## YOUR ASSIGNMENT:
Set out word for word the line that contains "RAM Mounts Pod" and each line after it, through the end of the data below, but exclude the pictures.

## COLLECTED MATERIAL:
::::::::::
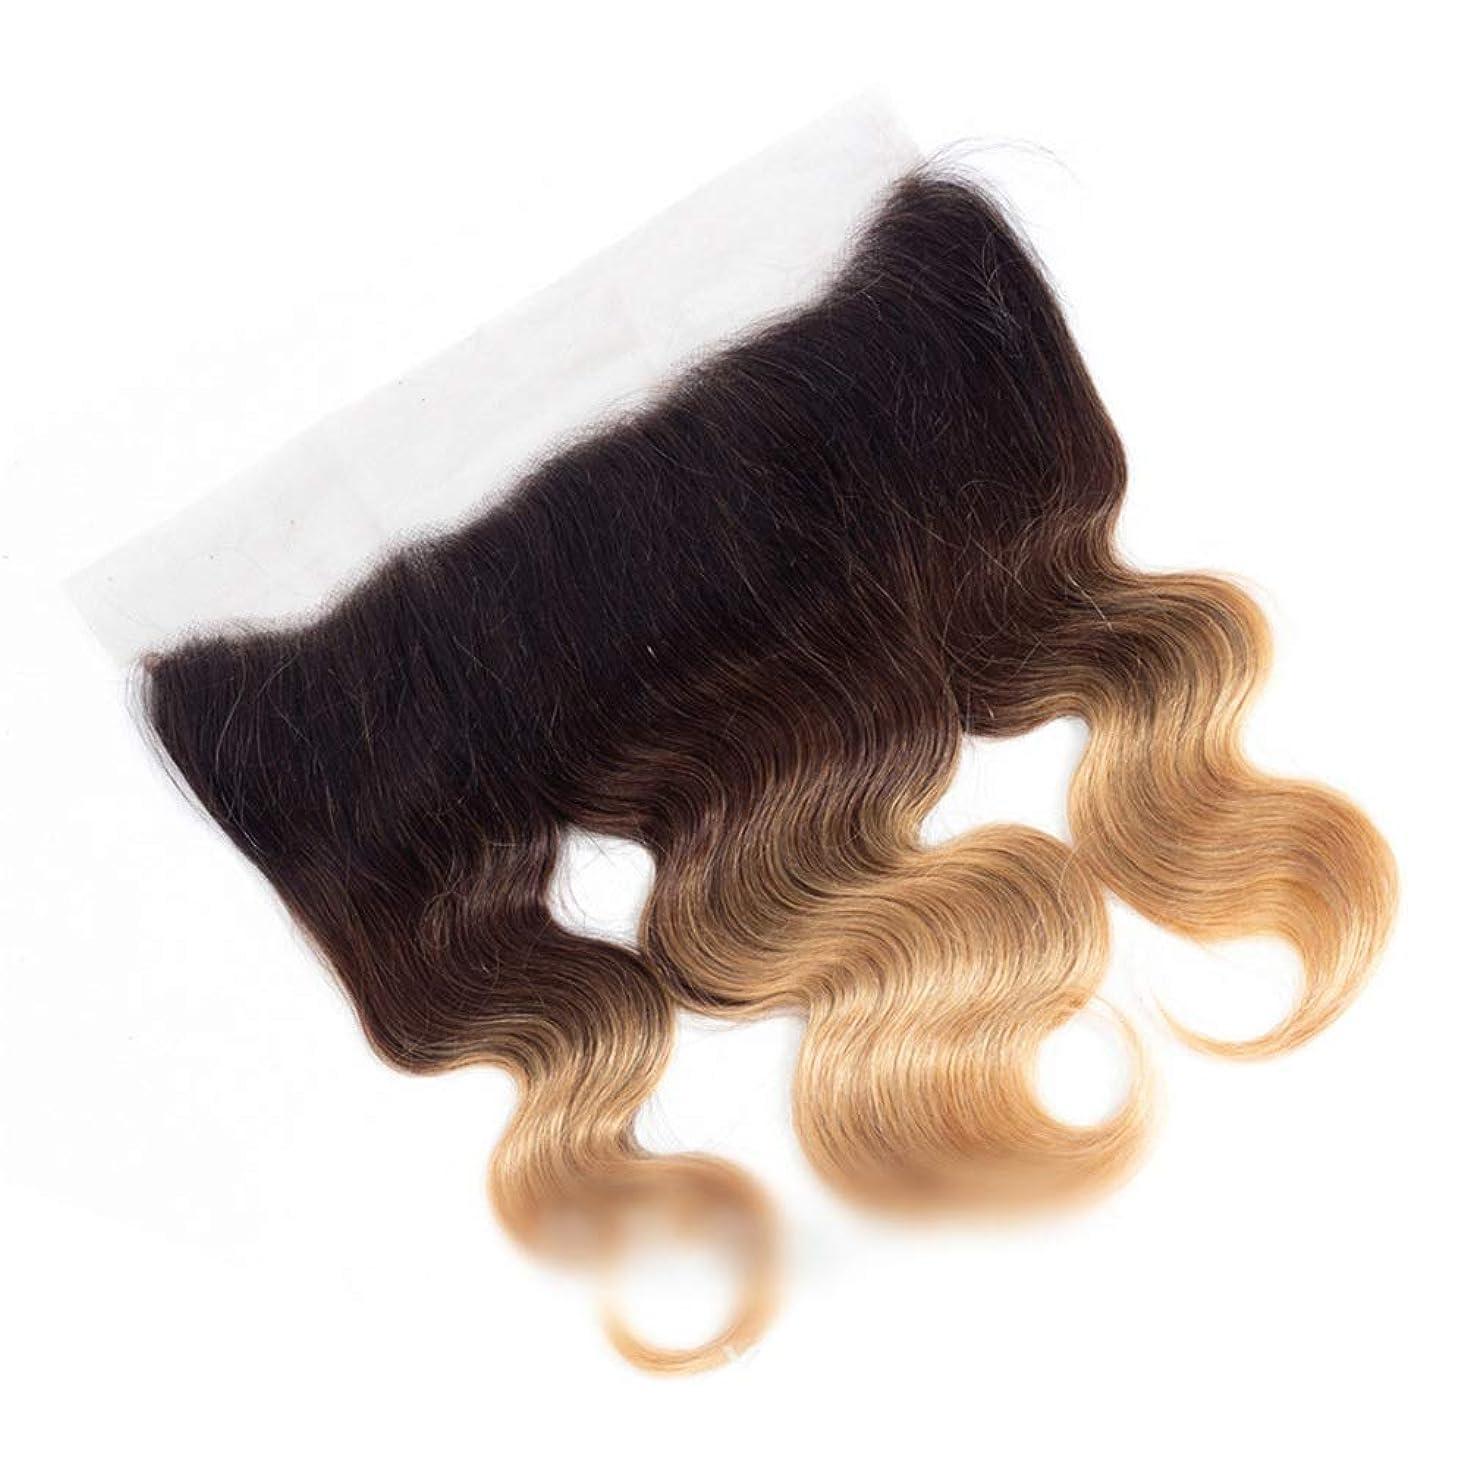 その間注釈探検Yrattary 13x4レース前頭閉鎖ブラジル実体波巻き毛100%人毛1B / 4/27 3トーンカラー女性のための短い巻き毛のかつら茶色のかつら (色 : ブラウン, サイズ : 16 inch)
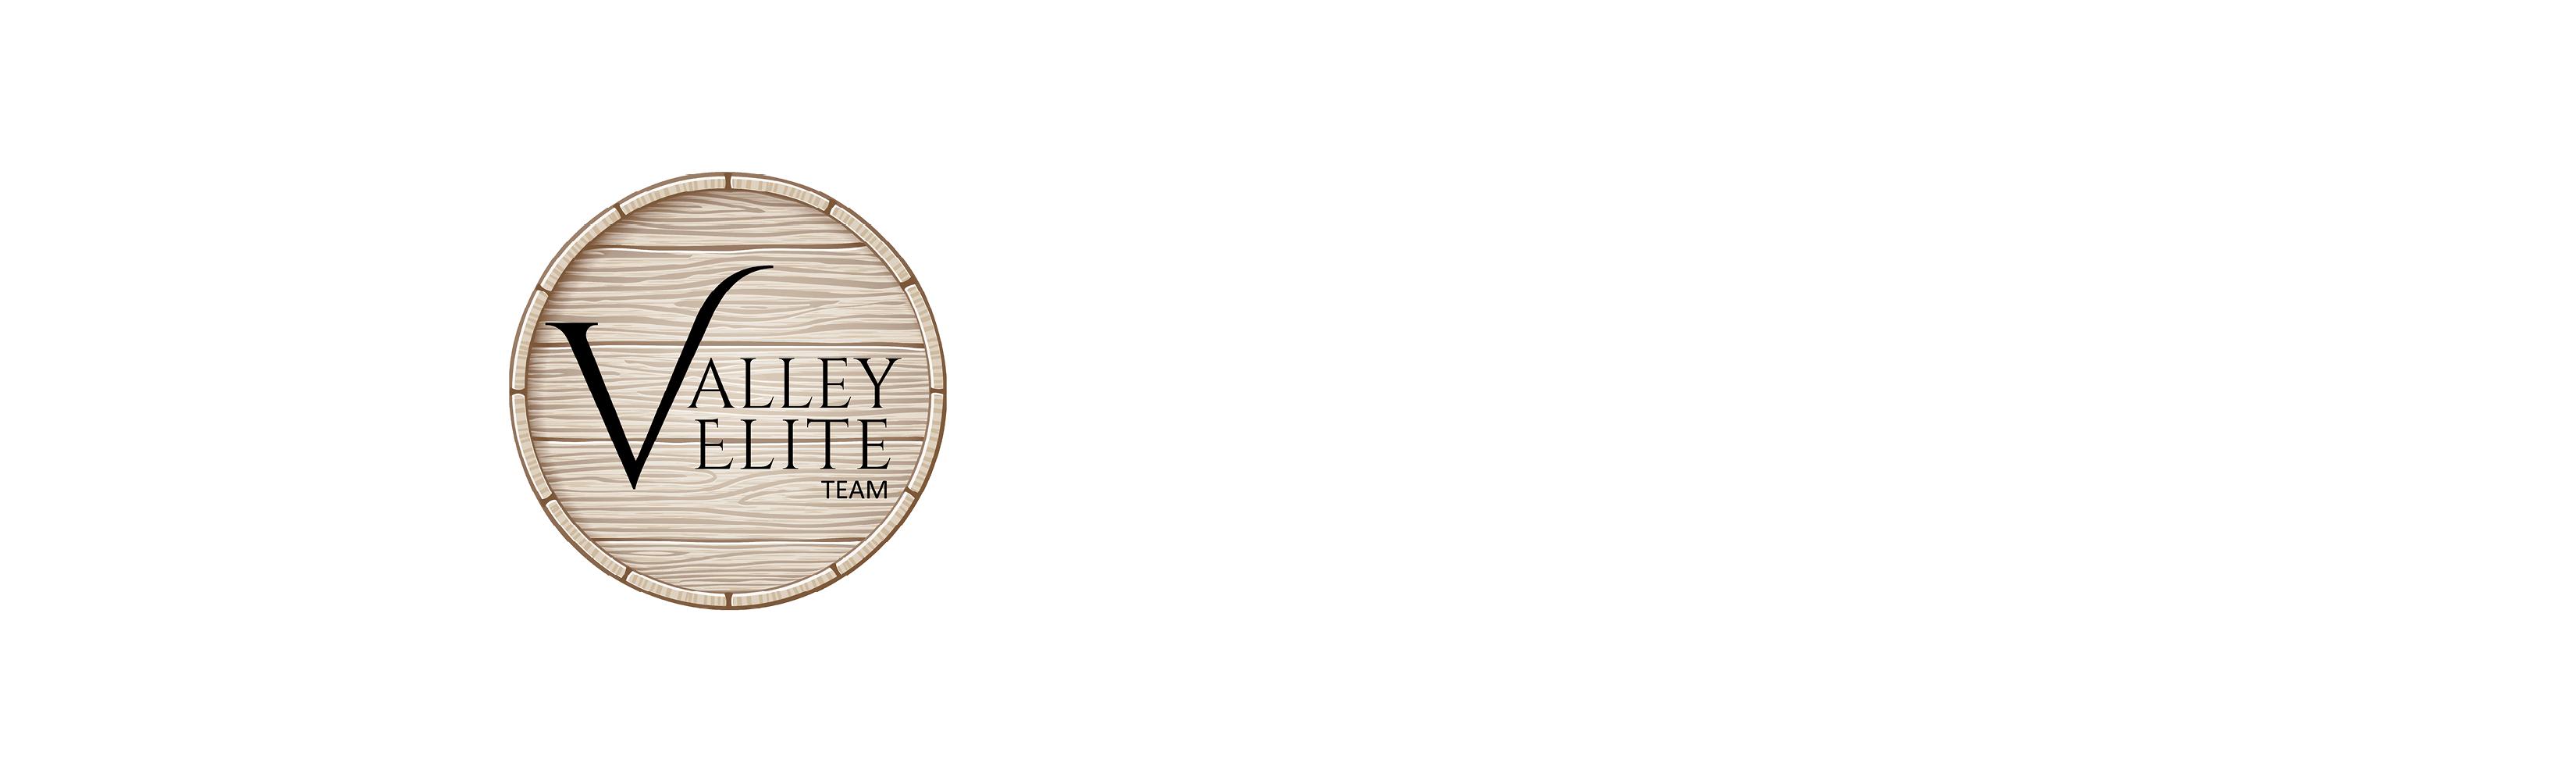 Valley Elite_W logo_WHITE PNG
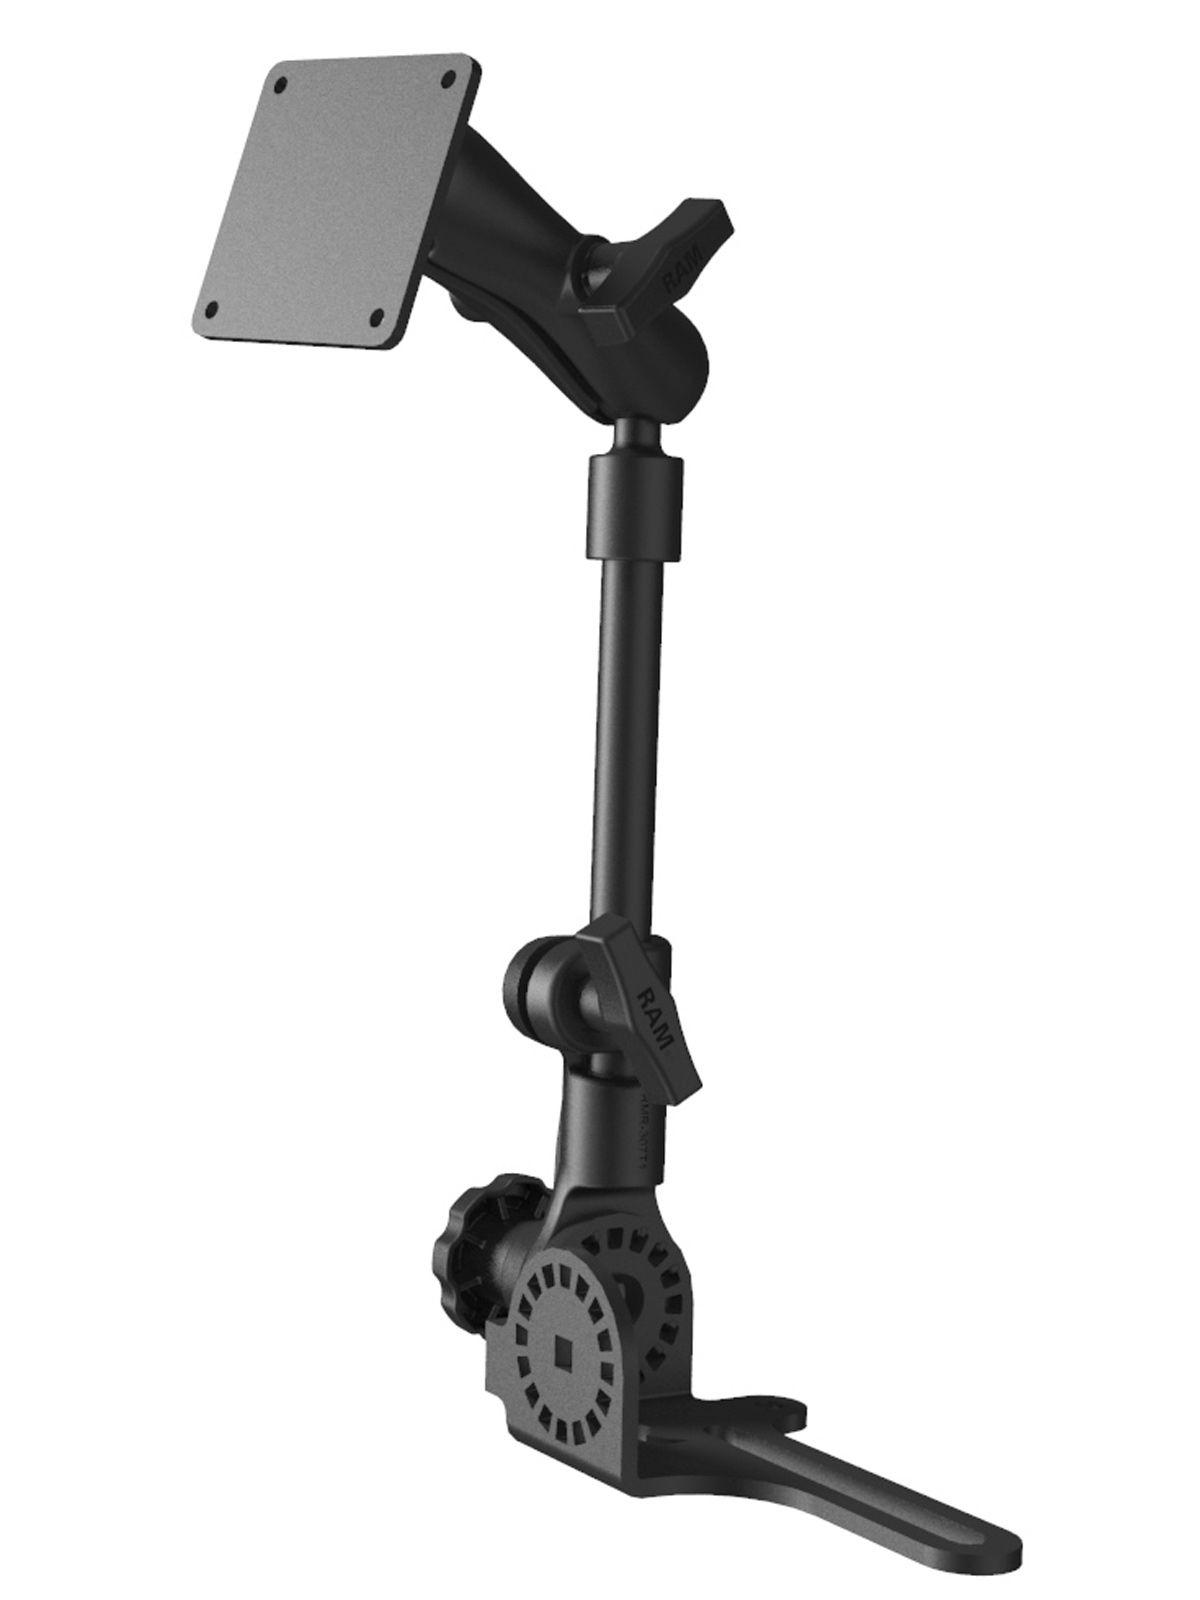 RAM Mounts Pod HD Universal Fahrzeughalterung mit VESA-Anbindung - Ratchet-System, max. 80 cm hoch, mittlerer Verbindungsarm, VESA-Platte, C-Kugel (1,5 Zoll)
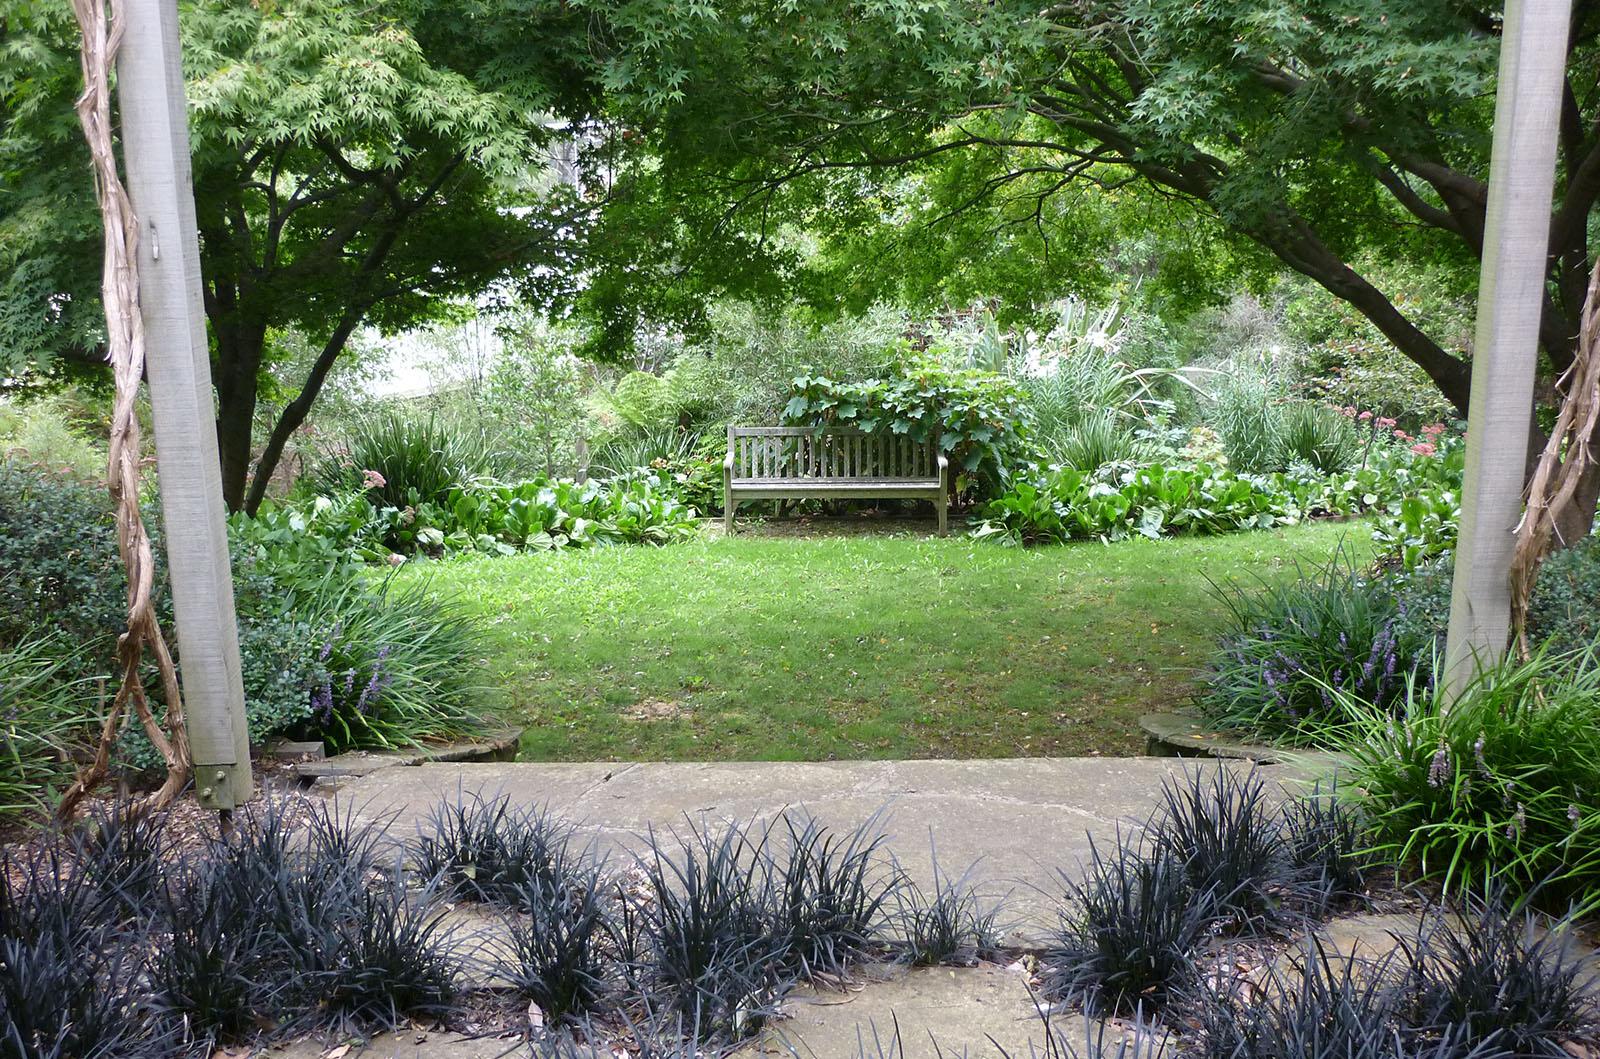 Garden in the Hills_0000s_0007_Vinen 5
::::::::::
## EXERCISE SOLUTION:
 RAM Mounts Pod HD Universal Fahrzeughalterung mit VESA-Anbindung - Ratchet-System, max. 80 cm hoch, mittlerer Verbindungsarm, VESA-Platte, C-Kugel (1,5 Zoll)
 Garden in the Hills_0000s_0007_Vinen 5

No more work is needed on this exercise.